As the ad runs, everybody remembers their first girl. Well, sure. I remember my first girl. And my first whore. First professional whore.

I picked the litter’s sole ginger. A tall, pale, curly-haired girl. Since my tastes run toward redheads, they’ve eluded me like there’s no tomorrow. That chance couldn’t be passed up, could it?

Lean and winsome that night, I figure if she stayed in the game long enough those attributes might’ve become bony and severe on the way to androgyny. Forever glad this boy got dibs on “before.”
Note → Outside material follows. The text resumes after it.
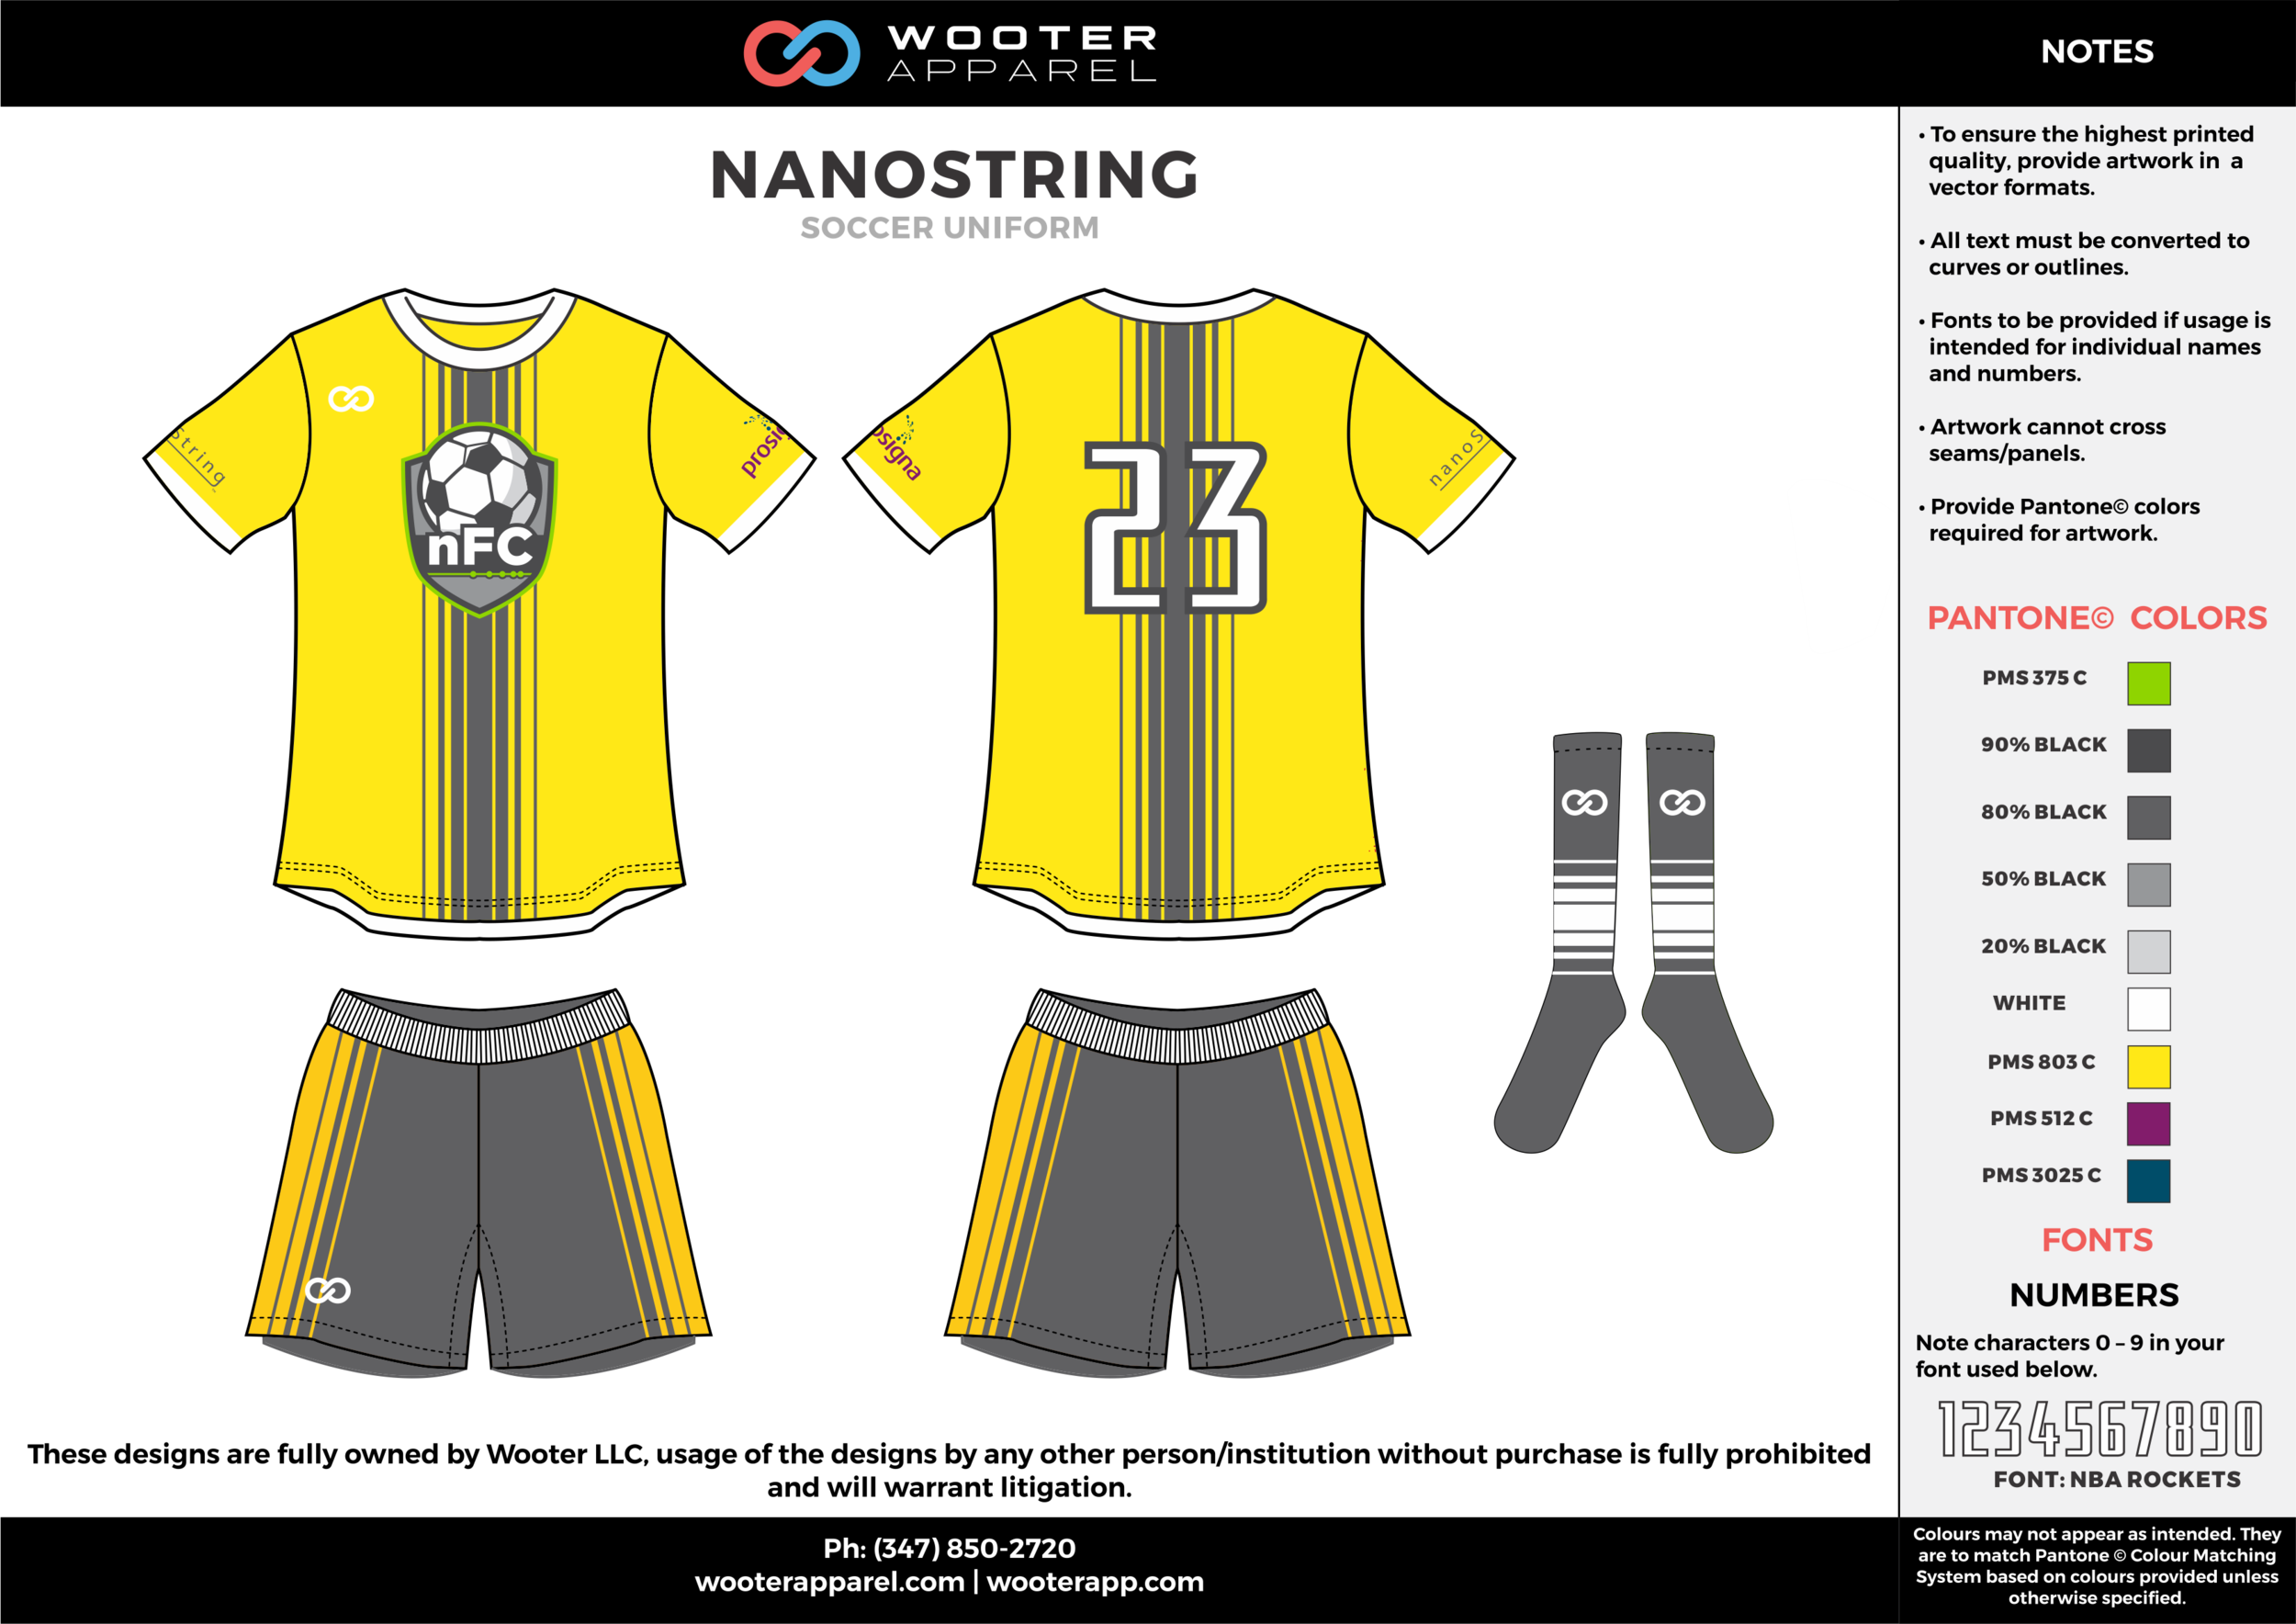 NANOSTRING yellow gray white custom sublimated soccer uniform jersey shirt shorts socks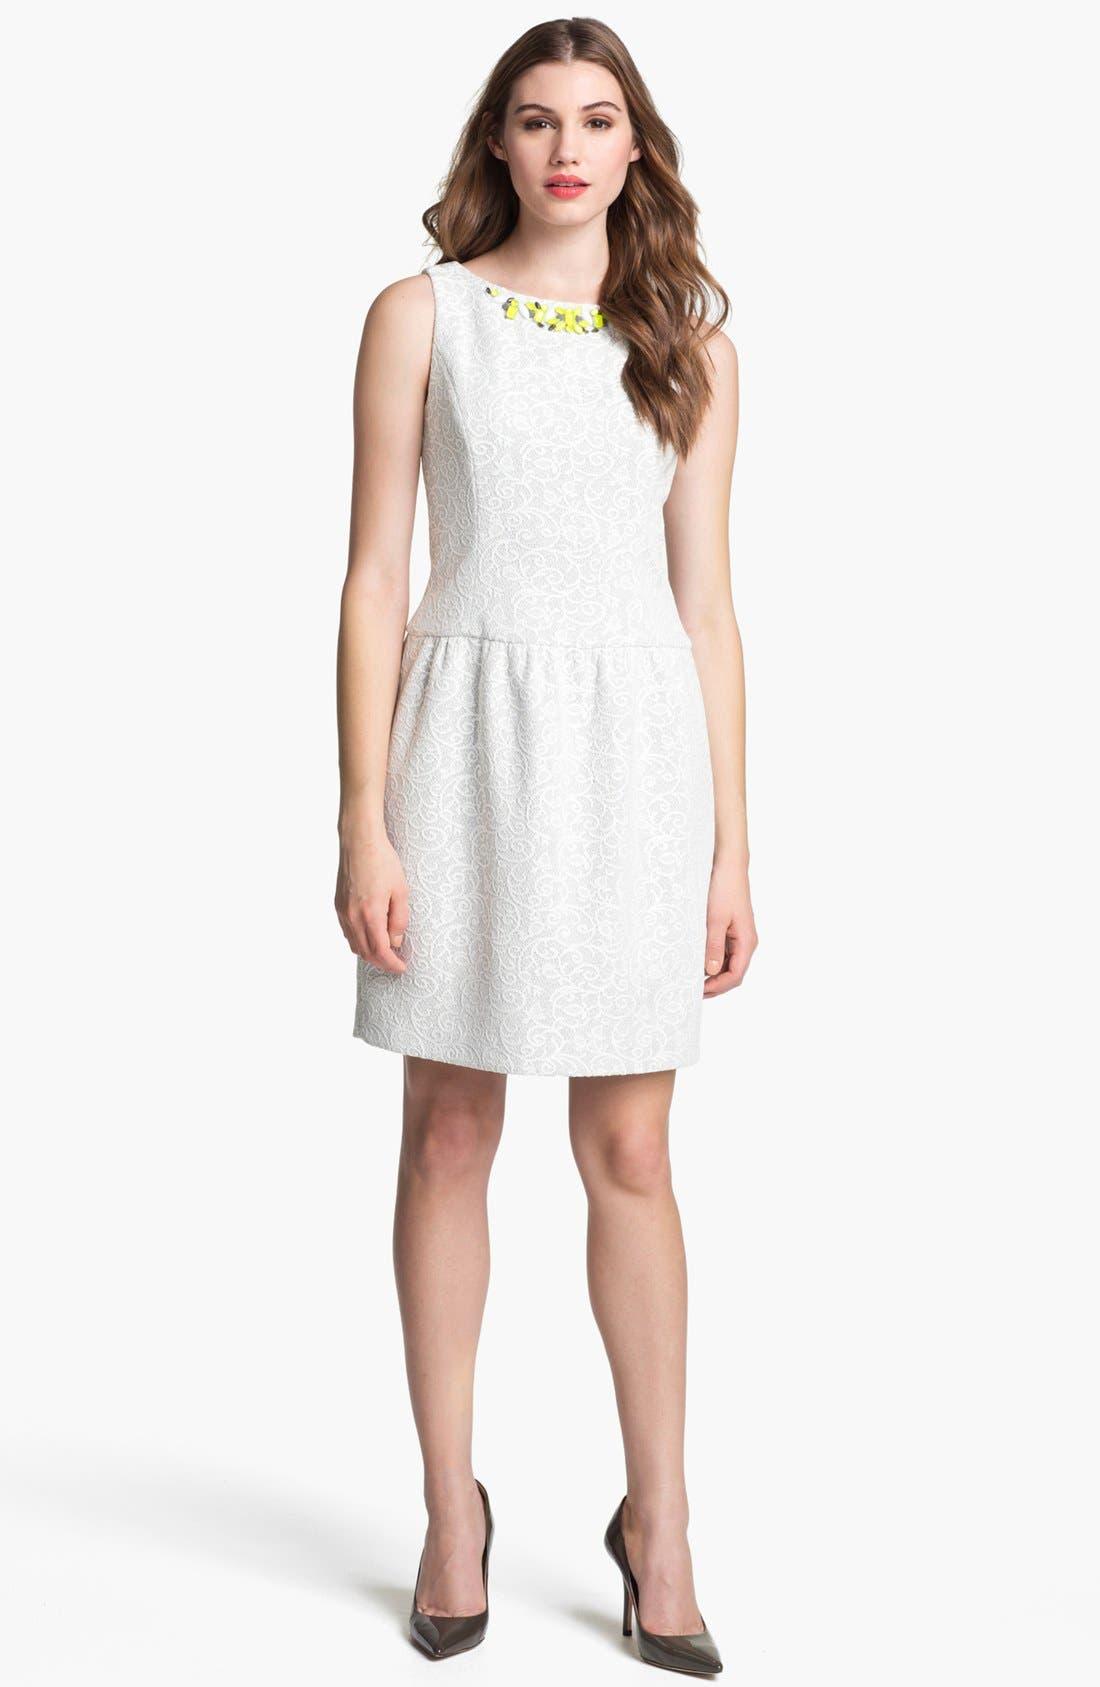 Alternate Image 1 Selected - Ivy & Blu Embellished Knit Lace Dress

We were contemporaries. A few breaks one way or another and we might’ve shared a class or two. Instead, necessity urged her to take up horizontal commerce. She was pretty but the nature of her business had sapped plenty of vitality. Did we chat further? Okay. About what? Exactly.

She led our two-person procession into a drab but tidy chamber. I distinctly remember fresh sheets tautly stretched upon across the bed. Another detail that struck me afterwards.

She was quite practiced shedding her garments. Not there was much for her to slink or shimmy from.

Barely concealed under filmy and flimsy linen (camisole, tap pants) and wearing convenient shoes (mules) then after a few tugs – voila! – she became a slim streak of nakedness at my disposal. The routine ease she used to disrobe transformed into some kind of simple art.

Ah, one more gift in the litany of life I only later grew to value.